One of the most useful and famous techniques for dimensionality reduction is undoubtedly Principal Component Analysis, or in short PCA.

When confronted with a high-dimensional data set, one might want to reduce the dimensionality while preserving as much of the variation in the data as possible. This is precisely what PCA accomplishes: It constructs new variables (the name-giving 'principal components') as linear combinations of the original variables with the objective to preserve as much of the variance as possible.

To make matters concrete, suppose that we have a set of random variables

$$X = (X_1, \ldots, X_p).$$

Let us denote the principal components as $Z = (Z_1, \ldots, Z_p)$, where each component is a linear combination of the elements in $X$. Hence, for any $k \in \{1, \ldots, p \}$, we have

$$Z_k = a_k^\intercal X = a_{k1} X_1 + \ldots + a_{kp} X_p$$

Thus, for each principal component $Z_k$, we have a corresponding vector of weights $a_k$ which governs its composition from the original variables.

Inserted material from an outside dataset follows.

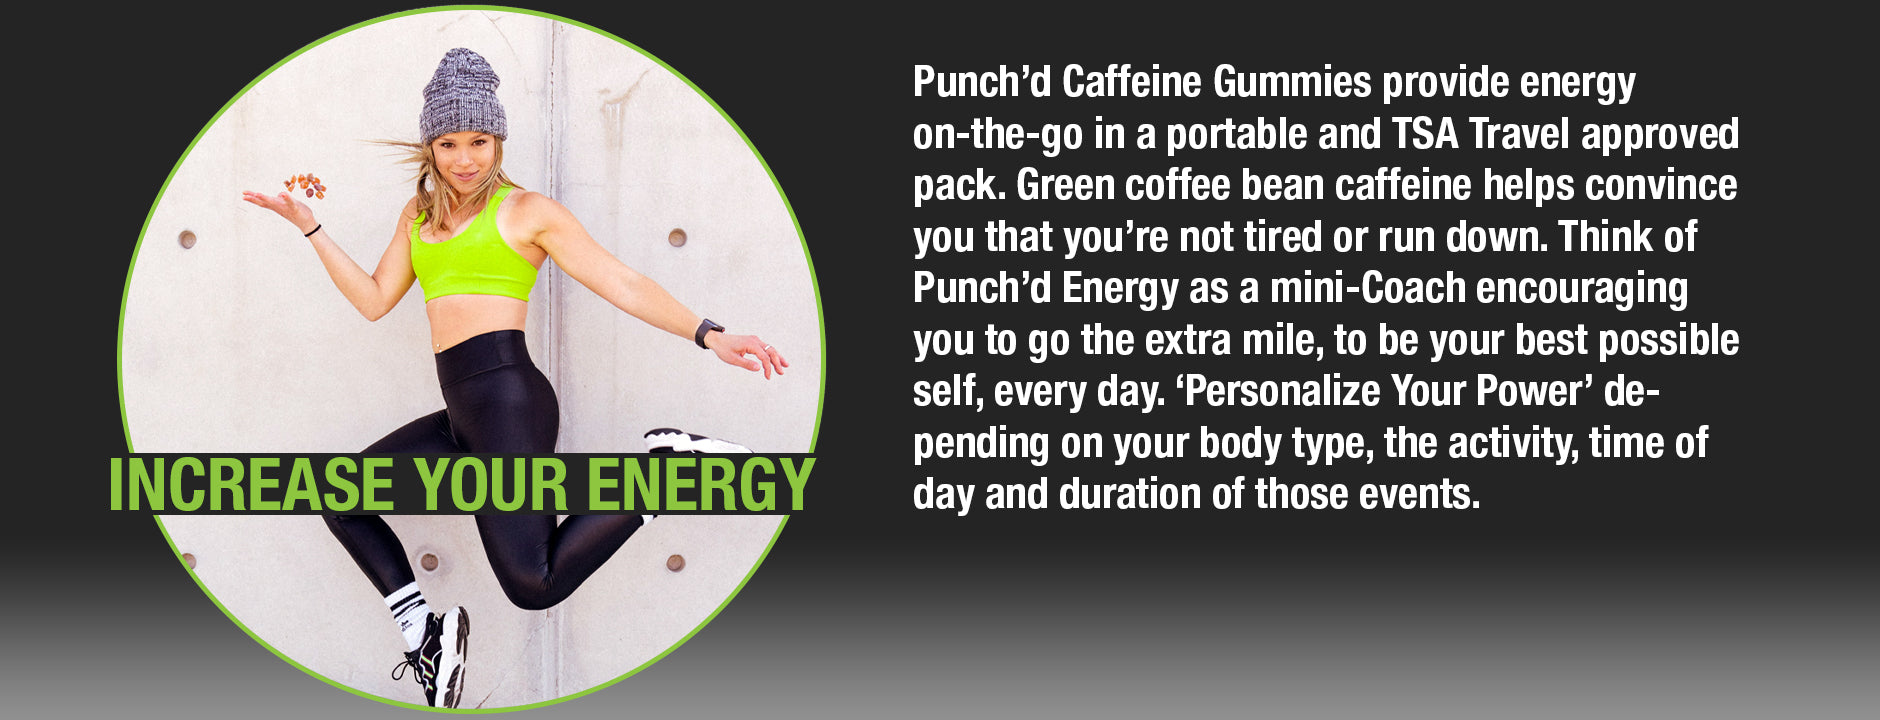 Punch'd Energy Increase Your Energy

But how are these weights determined?

As already alluded to, the goal of PCA is to find principal components which account for as much variance in the data as possible. Precisely, in PCA each principal component maximizes the remaining variance not accounted for by the previous principal components. This is equivalent to requiring that the principal components have to be uncorrelated with each other.

So, to find the first PC, we wish to solve the maximization problem

$$\max_{a_1} \operatorname{Var}(Z_1) = \operatorname{Var}(a_1^\intercal X) = a_1^\intercal \operatorname{Var}(X) a_1.$$

Given a data set $\mathbf{X}$ of observations $x_i = (x_{i1}, \ldots, x_{ip})$, we can approximate the covariance matrix $\operatorname{Var}(X)$

by the sample covariance matrix

$$\hat \Sigma = \sum_{i=1}^n (x_i - \bar x) (x_i - \bar x)^\intercal,$$

in which $\bar x$ is the vector of the sample means. However, observe that we could just blow the objective function up by choosing very large values for the elements of $a_1$. To prohibit this and make the problem well-posed, we additionally require that $a_1^\intercal a_1 = 1$. Hence, we now maximize

$$\max_{a_1} a_1^\intercal \hat \Sigma a_1 \text{ subject to } a_1^\intercal a_1 = 1.$$

Using Lagrange multipliers, the corresponding Lagrange function is given by

$$\Lambda = a_1^\intercal \hat \Sigma a_1 - \lambda (a_1^\intercal a_1 - 1)$$

Its gradient with respect to $a_1$ is given by

$$\nabla_{a_1} \Lambda = 2 \hat \Sigma a_1 - 2 \lambda a_1.$$

Setting the gradient equal to zero yields the following system of equations:

$$\hat \Sigma a_1 = \lambda a_1.$$

As we can see, $a_1$ is an eigenvector of $\hat \Sigma$ with corresponding eigenvalue $\lambda$. Hence, our objective of finding the first principal component has reduced to finding an eigenvector of $\hat \Sigma$. However, not any eigenvector suffices, as our objective function evaluates to

$$a_1^\intercal \hat \Sigma a_1 = a_1^\intercal \lambda a_1 = \lambda,$$

since $a_1^\intercal a_1 = 1$. Hence, $a_1$ must be the eigenvector with the highest eigenvalue. To calculate the second principal component, we solve basically the same optimization problem, with the additional constraint that the new weight vector must be orthogonal to the old one, i.e. $a_2^T a_1 = 0$. This yields

$$\max_{a_2} a_2^\intercal \hat \Sigma a_2 \text{ subject to } a_2^\intercal a_2 = 1 \text{ and } a_2^T a_1 = 0.$$

The Lagrangian is

$$\Lambda = a_2^\intercal \hat \Sigma a_2 - \lambda_1 (a_2^\intercal a_2 - 1) - \lambda_2 (a_2^T a_1).$$

Following the same steps as above, we calculate the gradient and obtain

$$\nabla_{a_2} \Lambda = 2 \hat \Sigma a_2 - 2 \lambda_1 a_2 - \lambda_2 a_1.$$

Setting it equal to zero gives

$$2\hat \Sigma a_2 - 2 \lambda_1 a_2 = \lambda_2 a_1.$$

Multiplying above equation from the left with $a_1^\intercal$ gives us

$$2\hat a_1^\intercal \Sigma a_2 - 2 \lambda_1 a_1^\intercal a_2 = \lambda_2 a_1^\intercal a_1$$

Now observe the following: Since $a_2^T a_1 = 0$, the second term on the left vanishes. Similarly, the right-hand side becomes $\lambda_2$ as $a_1^T a_1 = 1$. And finally, we have $a_1^\intercal \Sigma a_2 = \operatorname{tr}(a_1^\intercal \Sigma a_2) = \operatorname{tr}(\Sigma a_1^\intercal a_2) = 0$, where the first equality holds because the trace of a scalar value is the value itself.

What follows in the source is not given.